Our results show that the hybrid’s advantage is real across many tokens, but not all. Olmo Hybrid is strongest on tokens that carry meaning, such as nouns, verbs, and adjectives, and on tokens that can only be predicted by following what’s going on, like which person a pronoun refers to. But the hybrid’s advantage almost disappears on tokens that simply repeat something already in the input — a word or phrase reproduced verbatim from earlier — where the answer is sitting right there to be looked up. That’s where the transformer’s strength lies. 我们的结果表明,混合模型的优势在许多 Token 上是真实存在的,但并非全部。Olmo Hybrid 在承载意义的 Token(如名词、动词和形容词)以及需要通过上下文逻辑才能预测的 Token(如代词指代的对象)上表现最强。然而,当 Token 只是简单重复输入中已有的内容(即逐字重复之前的词或短语)时,混合模型的优势几乎消失了,因为答案就在那里,只需直接“查找”即可。这正是 Transformer 的强项所在。
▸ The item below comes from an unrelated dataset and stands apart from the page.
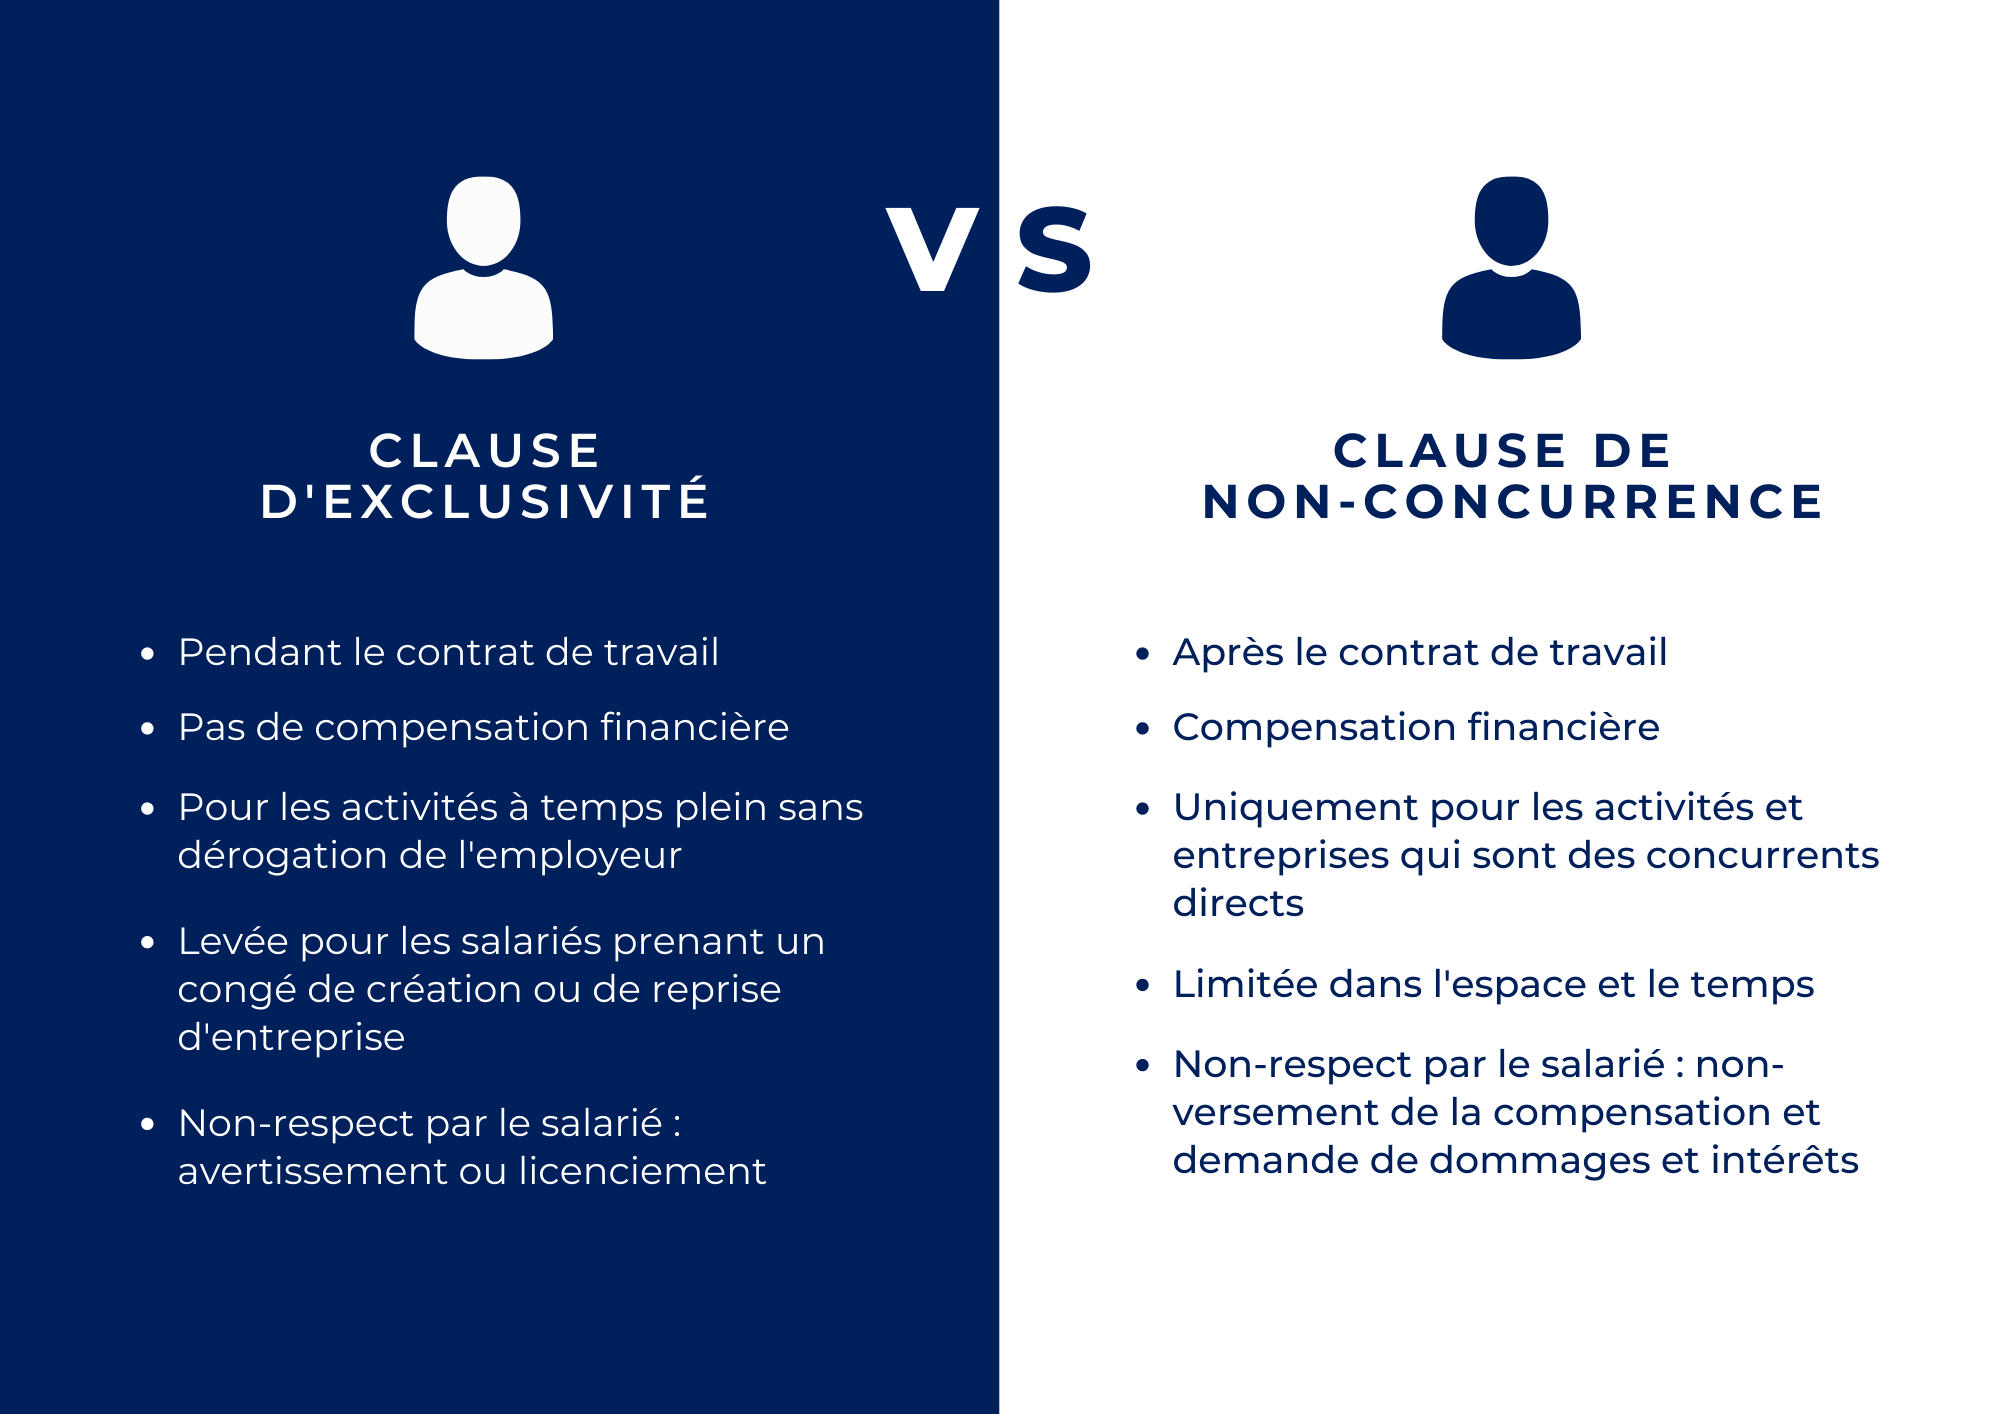 Les différences entre clause d'exclusivité et clause de non-concurrence

Attention versus recurrence, and measuring the difference
注意力机制与循环机制,以及差异的衡量
A language model is built from a stack of repeated layers, each one refining its representation of every token using the tokens around it. A transformer uses attention in every layer. The model can draw directly on every earlier token at once, weighing how relevant each is to the current prediction. That makes attention good at recalling a specific earlier token exactly, even when that token appeared far back in the input. The catch is that every token is compared against all the earlier ones, so attention’s cost climbs steeply as the input grows. 语言模型由一系列重复的层堆叠而成,每一层都利用周围的 Token 来优化对当前 Token 的表示。Transformer 在每一层都使用注意力机制。模型可以同时直接调用之前的所有 Token,并权衡每个 Token 与当前预测的相关性。这使得注意力机制非常擅长精确回忆之前的特定 Token,即使该 Token 在输入中出现得很早。其代价是,每个 Token 都要与之前的所有 Token 进行比较,因此随着输入长度的增加,注意力机制的计算成本会急剧上升。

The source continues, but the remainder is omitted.